We transform our renaming trick into a small function.

    
     def copy_sbvalue(value: SBValue, name: str) -> SBValue:
    """ Copy given sbvalue into a new one"""
    return value.CreateValueFromData(name, value.data, value.type)

    
   

Now we want to access every value in the linked list. Conveniently, we have the list size. We can access it with the GetChildMemberWithName method. The .valuemethod of an SBValue always returns a string as displayed in the debugger. Thus we need to cast it to an int.

    
     def _list_values(self) -> Iterable[SBValue]:
      """Iterate over list values"""
        hd: SBValue = self.valobj.GetChildMemberWithName("head")
        size: int = int(self.valobj.GetChildMemberWithName("size").value) # .value returns an string
        for i in range(size):
            yield hd.GetChildMemberWithName("data")
            hd = hd.GetChildMemberWithName("next")

    
   

Let’s use this new function in our init:

    
     def __init__(self, valobj: SBValue, internal_dict):
        self.valobj = valobj
        self.children_index: Dict[str, int] = {"size": 0,
                                               "kind": 1,
                                               "head": 2,
                                               "tail": 3}

        self.list_children = [self.valobj.GetChildAtIndex(i) for i in self.children_index.values()]
    
        # For every item in the list, add them as a new child. 
        for i, item in enumerate(self._list_values()):
            new_item = copy_sbvalue(item, f"item_{i}")
            self.children_index[new_item.name] = len(self.list_children)
            self.list_children.append(new_item)

    
   

As of now, there is no need to manually unroll the list anymore. We can see the result in LLDB.

    
     (lldb) p *intList
(List) $0 = {
  size = 3
  kind = IntListKind
  head = 0x0000600000008000
  tail = 0x0000600000008020
  item_0 = {
    val = 1
    node = 0x0000000000000001
  }
  item_1 = {
    val = 2
    node = 0x0000000000000002
  }
  item_2 = {
    val = 3
    node = 0x0000000000000003
  }

    
   

The display of the unions is still not perfect. The list stores the true type of its data in the label field. We can use this label to downcast the union to its real value. (Vocabulary)

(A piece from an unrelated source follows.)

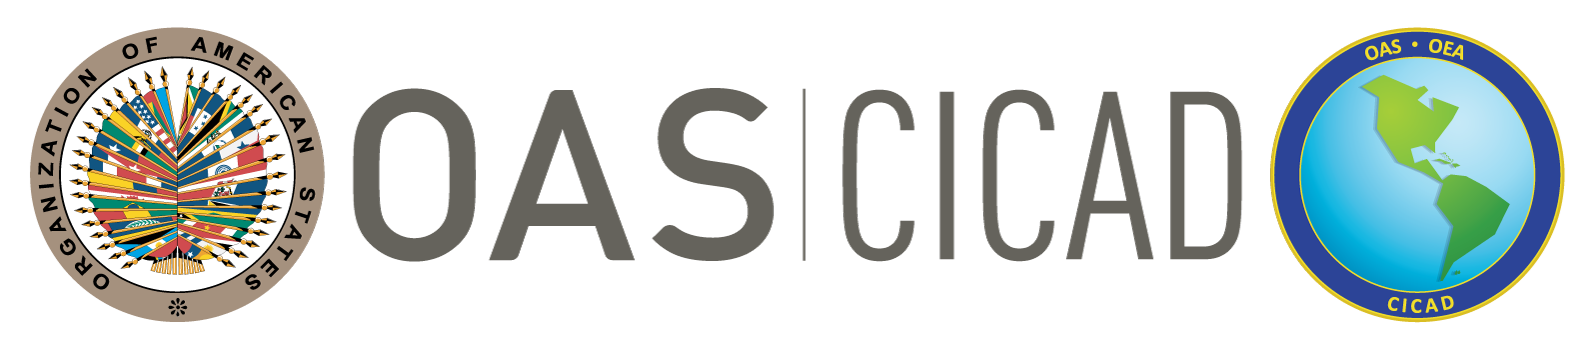 CICAD logo
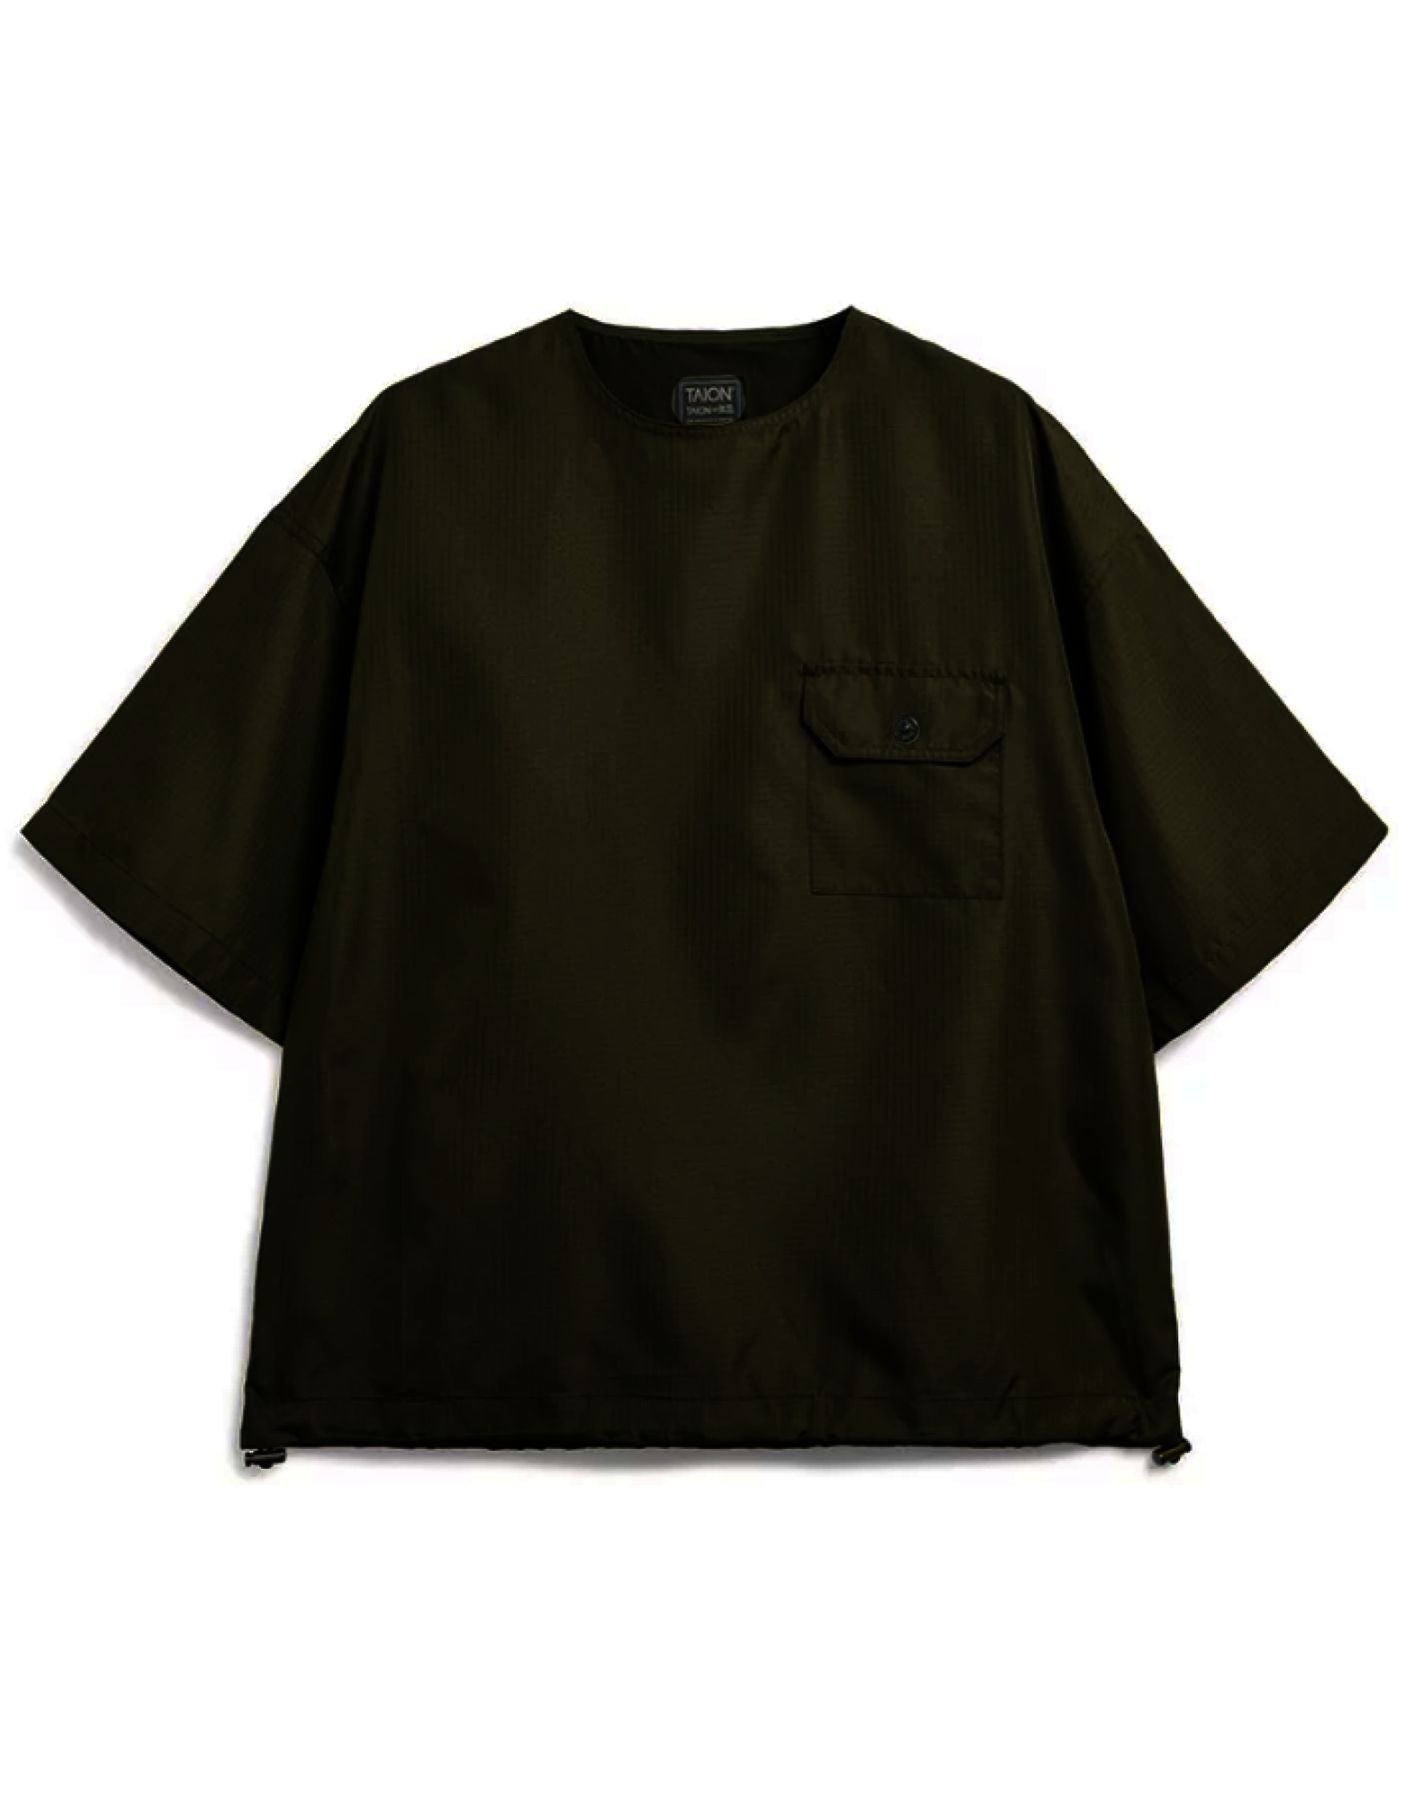 Camiseta hombre CS02ndml Black Taion

First, we need a function to retrieve an SBType object from a typename. Types of information are stored in a frame’s symbol context. Only basetype are stored, there is no match for Node*.

    
     module = value.GetFrame().GetSymbolContext(lldb.eSymbolContextEverything).GetModule()
    sbtype: SBType = module.FindFirstType(typename)
We then implement a get_type function. We add the option to return a pointer instead of a base type. We can use GetPointerType for this.
def get_type(value: SBValue, typename: str, as_pointer=False) -> SBType:
    module = value.GetFrame().GetSymbolContext(lldb.eSymbolContextEverything).GetModule()
    sbtype: SBType = module.FindFirstType(typename)
    if as_pointer:
        return sbtype.GetPointerType()
    return sbtype

    
   

Then, we can create a method to retrieve the true SBType corresponding to the list kind. To do so we have to match the kind field with its different possibilities.

    
     def _kind_type(self) -> SBType:
    kind: str = self.valobj.GetChildMemberWithName("kind").value
    if kind == "IntListKind":
        return get_type(self.valobj, "int")
    if kind == "NodeListKind":
        return get_type(self.valobj, "Node", as_pointer=True)

    
   

We can now use this kind to cast item values:

    
     def _list_values(self) -> Iterable[SBValue]:
        """Iterate over list values"""
        hd: SBValue = self.valobj.GetChildMemberWithName("head")
        size: int = int(self.valobj.GetChildMemberWithName("size").value)
        kind_type = self._kind_type() 
        for i in range(size):
            yield hd.GetChildMemberWithName("data").Cast(kind_type) # Cast the union value to its true type 
            hd = hd.GetChildMemberWithName("next")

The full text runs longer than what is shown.